**Recorded data**
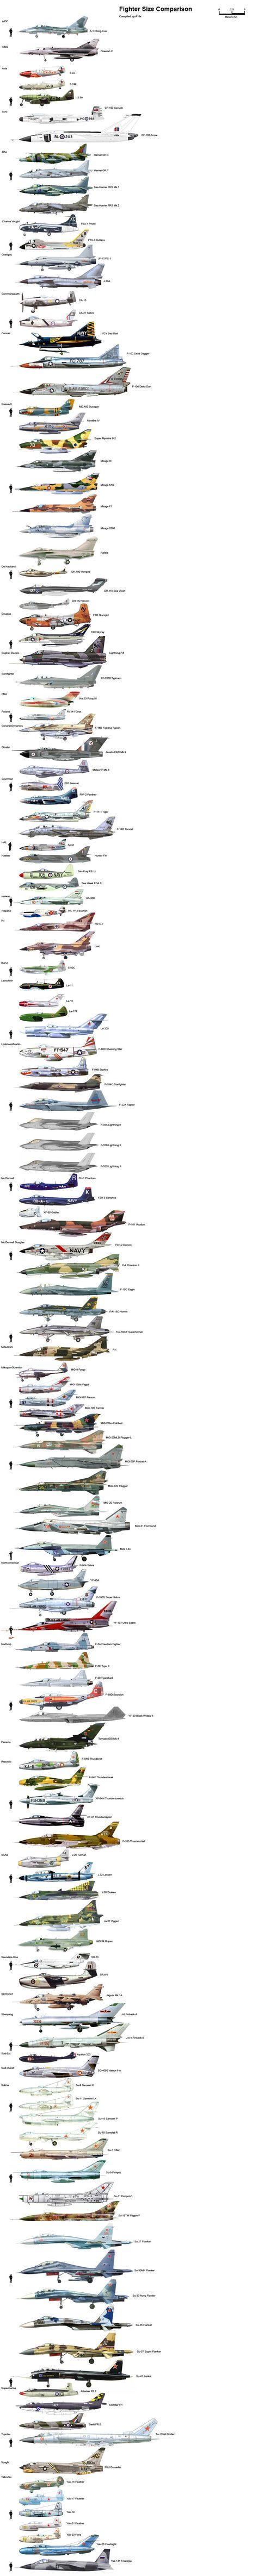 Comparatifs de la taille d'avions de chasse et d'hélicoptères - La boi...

---

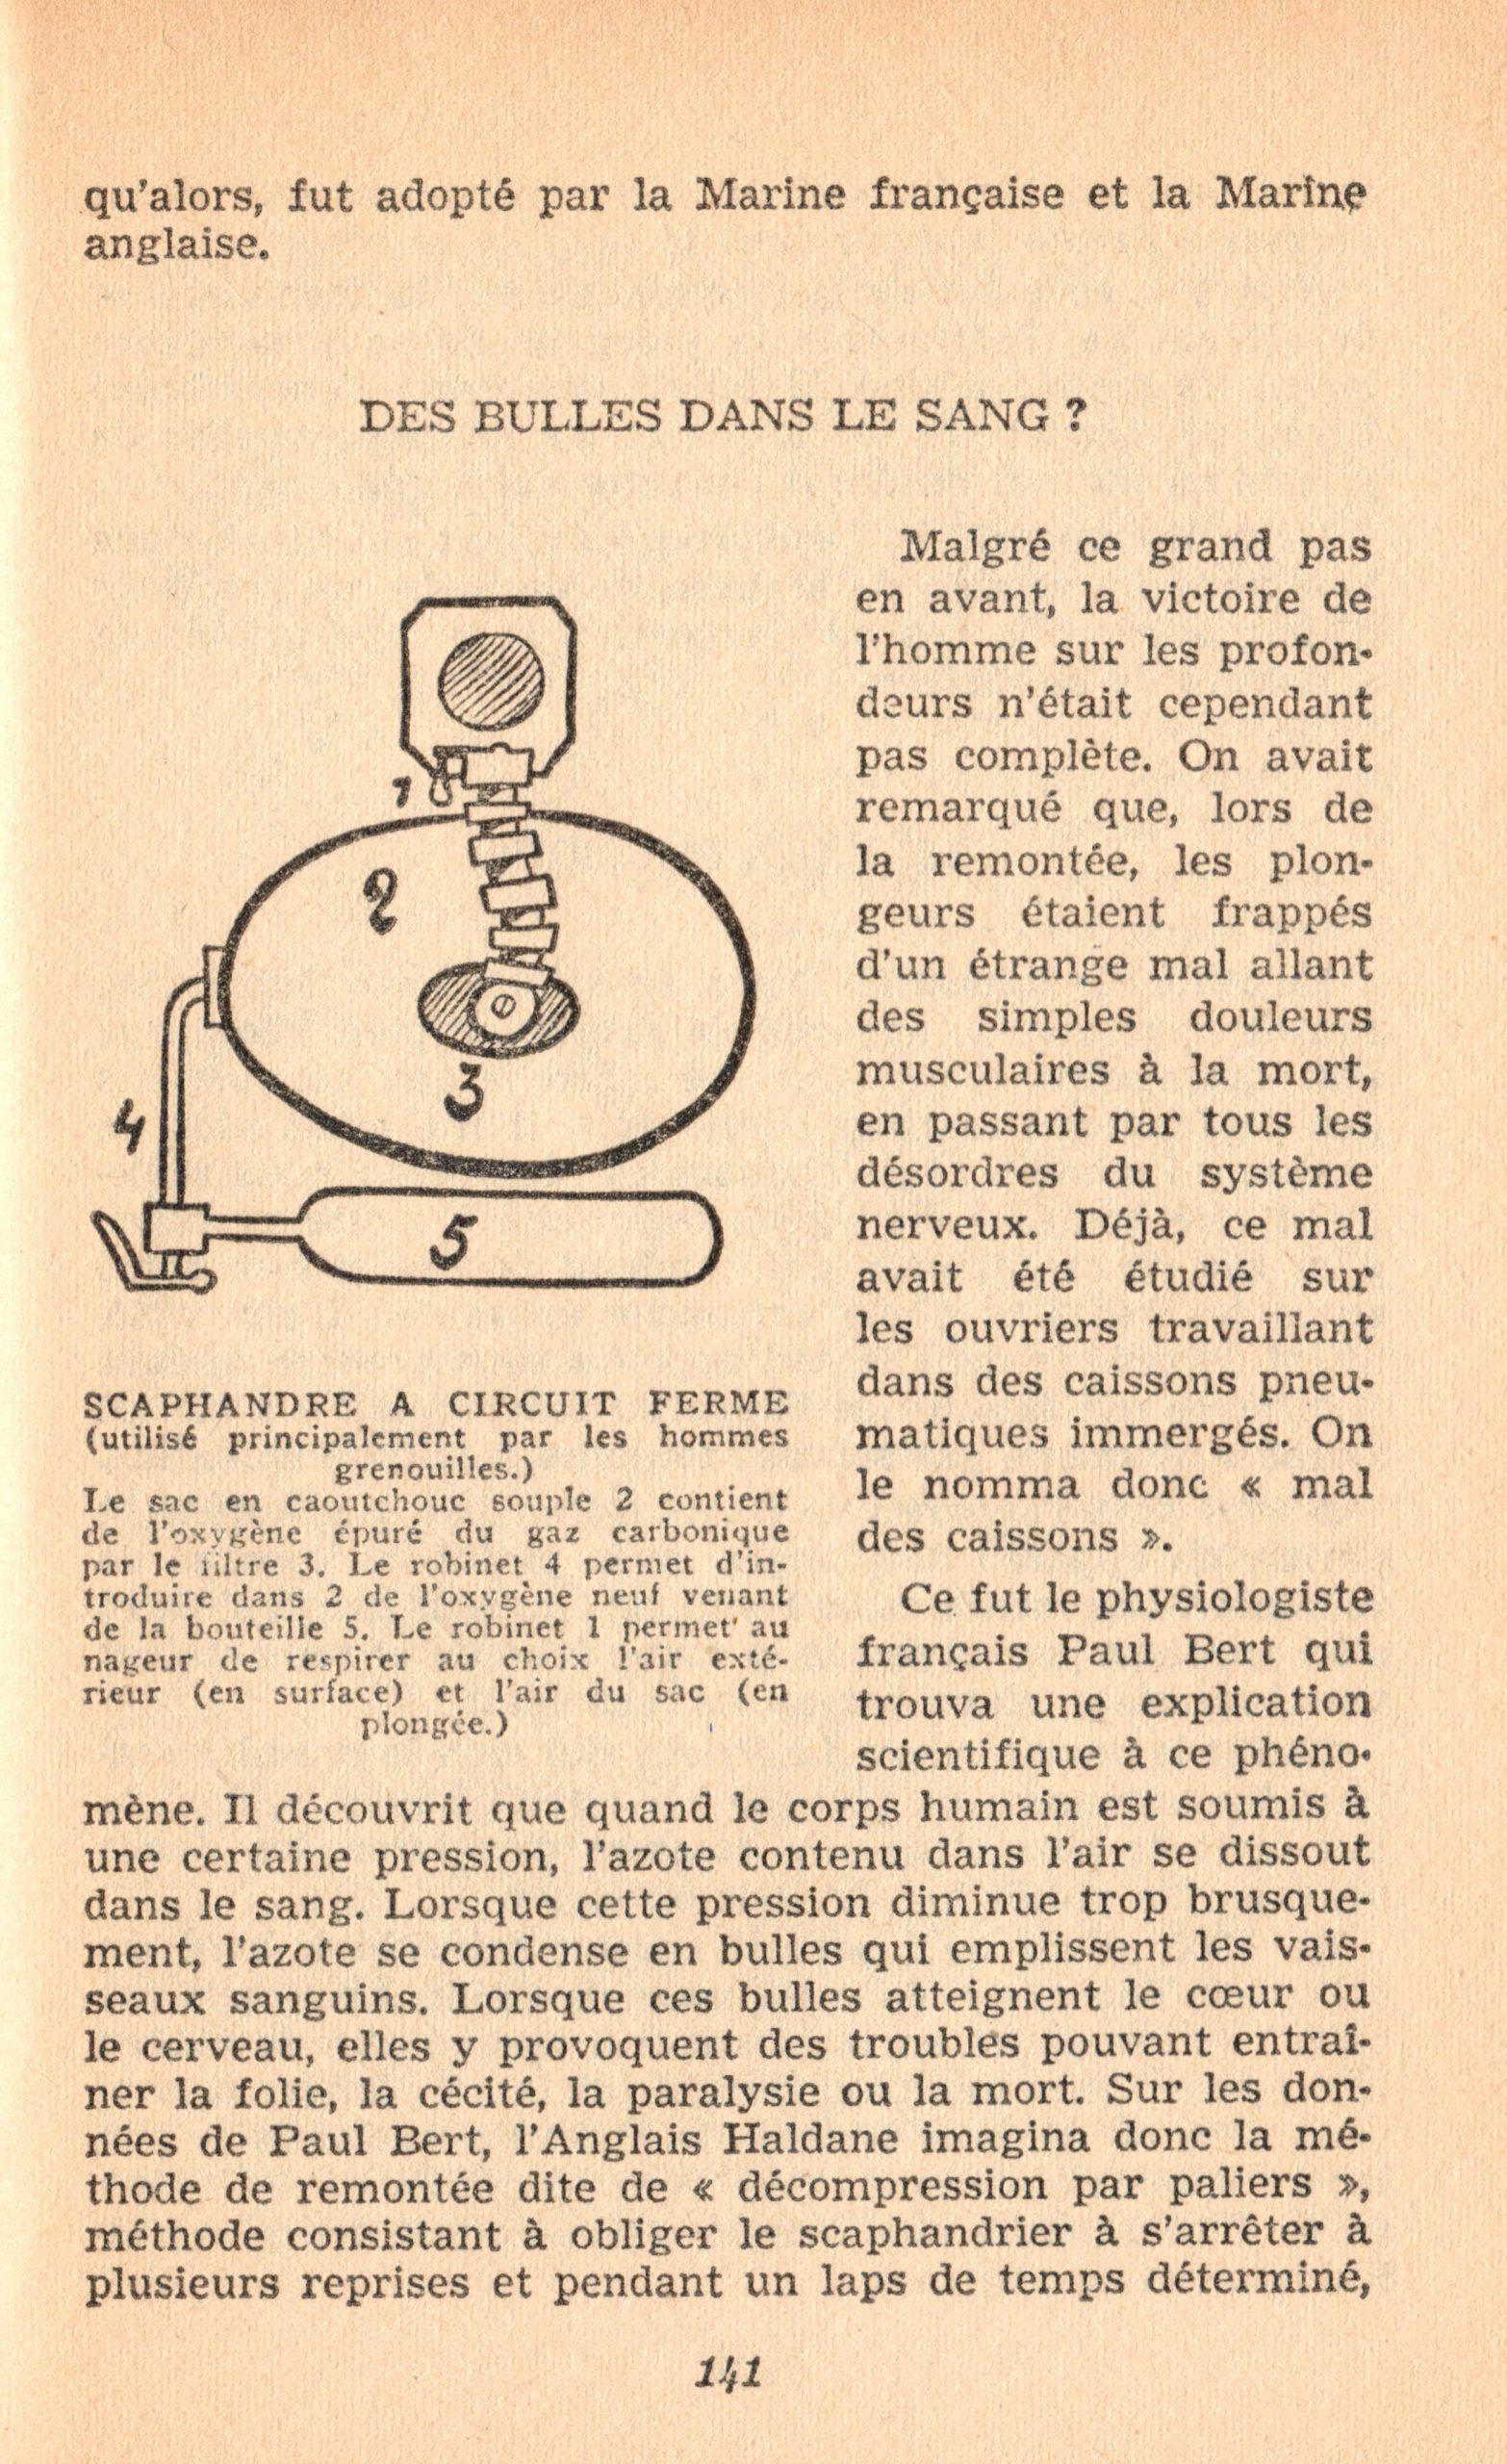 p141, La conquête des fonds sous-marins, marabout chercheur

==

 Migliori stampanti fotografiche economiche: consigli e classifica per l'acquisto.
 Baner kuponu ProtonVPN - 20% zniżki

**Your instructions**
Working from the data above, extract solely the lines from the one containing "Migliori stampanti fotografiche" through the one containing "Baner kuponu ProtonVPN - 20% zniżki", exactly as they appear, both included.

**Written response**
 Migliori stampanti fotografiche economiche: consigli e classifica per l'acquisto.
 Baner kuponu ProtonVPN - 20% zniżki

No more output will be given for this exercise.